Edwards talks with running mate John Kerry before their concession speeches the day after Election Day 2004. (They reportedly broke off contact shortly afterwards). On the same day, Elizabeth Edwards revealed that she was diagnosed with breast cancer the last week of the campaign.
Credit: AP Photo/Elise Amendola
Focus On The Poor
In 2006, Edwards founded the Center on Poverty, Work and Opportunity at the University of North Carolina. He is now campaigning as an advocate for the poor, calling poverty "the cause of my life." Here he shovels with student volunteers in the backyard of a house damaged by Hurricane Katrina in New Orleans. With Katrina, Edwards has written, the 37 million Americans who live in poverty suddenly "had a face."
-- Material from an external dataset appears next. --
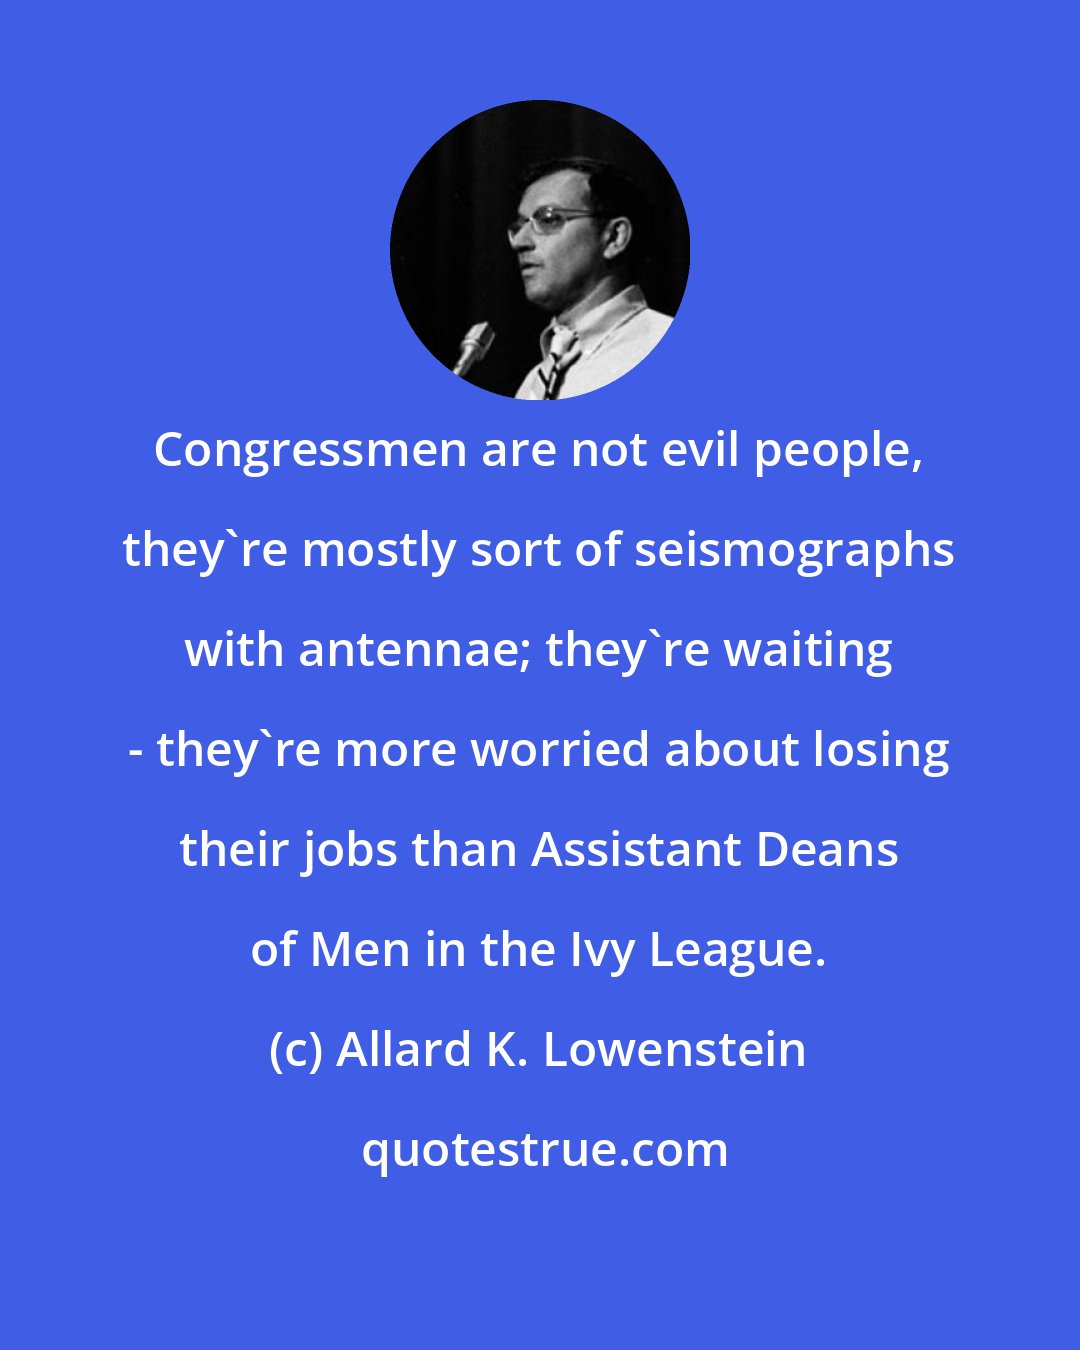 Allard K. Lowenstein: Congressmen are not evil people, they're mostly sort of seismographs with antennae; they're waiting - they're more worried about losing their jobs than Assistant Deans of Men in the Ivy League.

Credit: AP Photo/Charles Dharapak
Presidential Candidate, 2008
When Edwards said he was running again for the presidency, he said it would be different this time, dismissing what he called his initial image -- "young, Southern, dynamic, charismatic, beautiful family, all that" -- and focusing on a populist message. He reached out to young people -- at left at a rally at the University of California Los Angeles; at right at a town hall meeting on poverty at the University of Las Vegas.
In his book "Home," John Edwards collected stories about some 60 people's childhood homes and how they influenced their lives to come. Edwards has also co-written "Four Trials" about some of his successful lawsuits and edited "Ending Poverty in America: How To Restore The American Dream."
Credit: AP Photo/Stephan Savoia
"Strength And Optimism"
John and Elizabeth Edwards appeared on "60 Minutes" to talk about their decision to continue the campaign despite her cancer. "This could kill her, and we know it," Edwards told Katie Couric. "We choose to live our lives fully, and with strength and optimism." His wife has been active in the campaign and is said to be largely responsible for its more aggressive, impassioned tone.
Iraq War Opponent
While in the Senate, Edwards voted to authorize Bush to wage war on Iraq. He has since apologized for his vote. "I believe this war needs to be brought to an end," he said in a debate among Democratic candidates in September 2007. If elected president, he said, he would "immediately" withdraw up to 50,000 troops and continue each month "until all of our combat troops are in fact out of Iraq."
Credit: AP Photo/Charlie Neibergall
Universal Health Care Proponent
Edwards speaks at a health forum while moderator Karen Tumulty of "Time" listens. Edwards has proposed a plan for universal health care and said that if Congress does not pass it by July 2009, he will take away the Congressional health plan. "There is no excuse for politicians in Washington to have health care coverage when America has no health care coverage," he said at a September 2007 debate.
Credit: GETTY IMAGES/Ethan Miller
Edwards talks to Hillary Clinton after a forum held by the NAACP in July 2007. Edwards has aggressively criticized Clinton as an "insider" who continues to accept political donations from Washington lobbyists, and for her stances on Iraq and Iran, calling them variously unclear, insincere, or too in line with Republican policy.
Credit: GETTY IMAGES/Bill Pugliano
Edwards has critics of his own. Some see him as inexperienced and disingenuous, and, as a very rich trial lawyer, an unlikely advocate for the poor. An Associated Press story refers to the three H's: his $1,250 haircut (including the cost of transporting the stylist), his new 28,000-square-foot house, and his consulting work with a hedge fund, all of which may undercut his effort to be seen as a populist.